In one disparate way, Mom and I are complete opposites. If someone gets trained in (and it’s a good amount of training!), they can take my place. I can have a day off. Mom can’t. Not one of us can take her place for a day. I can’t step in and bear her pain for her while she walks away, trach free and regains the ability to eat. It’s one of the things I wish I could do the most. I have discovered, though, there is a greater comfort I have when I mourn that I can’t give her a day away. Someone did step in her place for her. Someone did bear her pain. Someone is holding her up who gets it like none of us ever truly will. And she knows him. And one day, because of his suffering, the voiceless will have a voice again, and the tongue-less will have a tongue. And she will eat again, and feast, and rejoice, and these days will be far, far gone.

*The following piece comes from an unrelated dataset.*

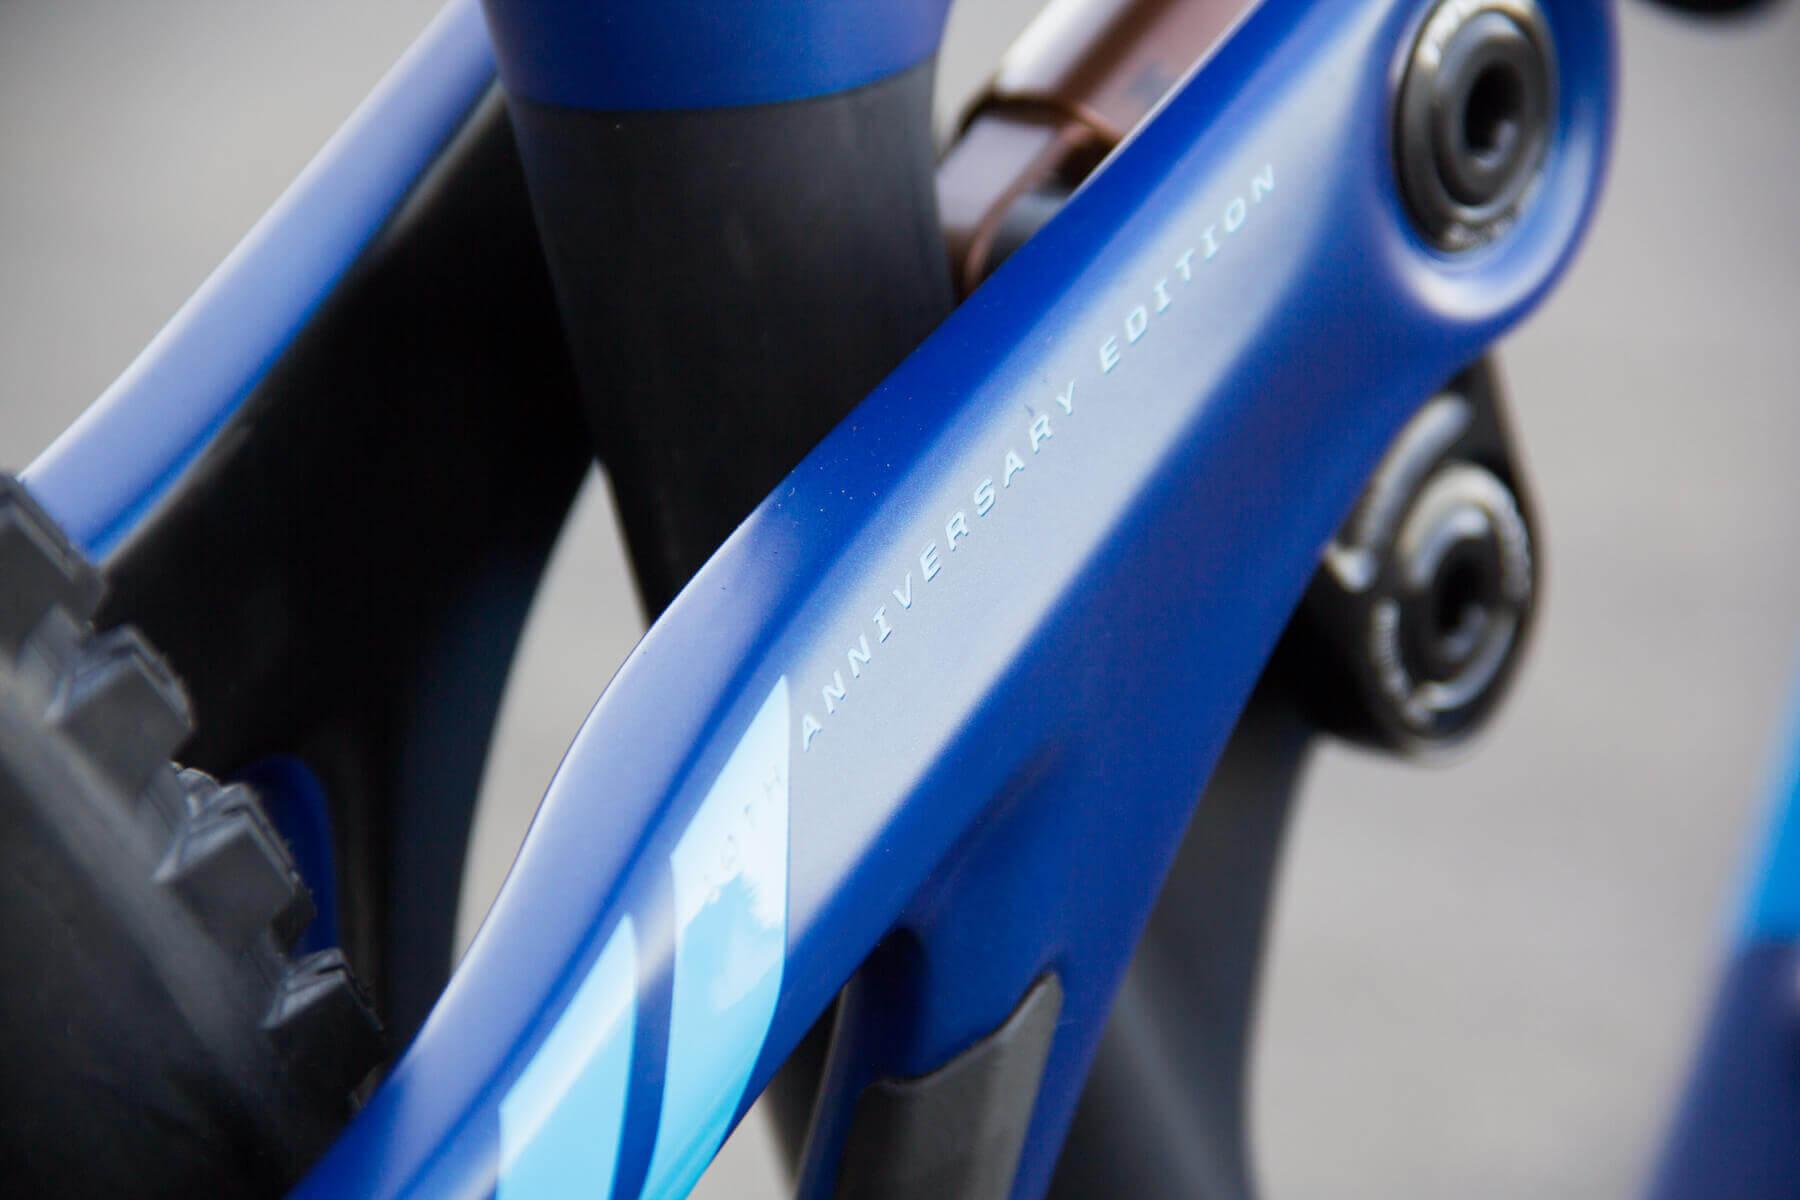 Pivot 5.5 Anniversary Edition - Very Blue Edition

It’s not a wistful, “wouldn’t that be nice”, comforting platitude that sounds great but has no weight. It’s a sure promise. Book of Revelation promise. I cannot WAIT to feast with my mom one day. I’m already dreaming up the menu, as I prepare her syringe full of nutrition. Just imagine.*

*I have to insert here: me remembering and rehearsing this truth does not mean this is what we need texted to us or thrown at us from afar. We’ve been met with more religious platitudes this week in the midst of one of the more difficult seasons, and they’ve been extremely unhelpful. Like I’ve written about before, well-intended and so unhelpful. It feels like they’re coming from a place where the person couldn’t hold the grief & pain we are in, and to help themselves feel better, quoted truths to us about God. I had no energy to address this in the moments, so I nodded and let them pass. What I wish I had had the energy to say is, “We agree theologically with you about those truths, but they are so disconnected from where we are! Empathy was completely missing, and when that happens, the platitudes cause pain, not comfort. Learn to grieve with us first. That offers so much more comfort than “God is good” statements.” And as always, thank you to our friends, to the ones who grieve with us and encourage us from a place of empathy and understanding. Your words are so needed and so helpful. I continue to pray for each of you.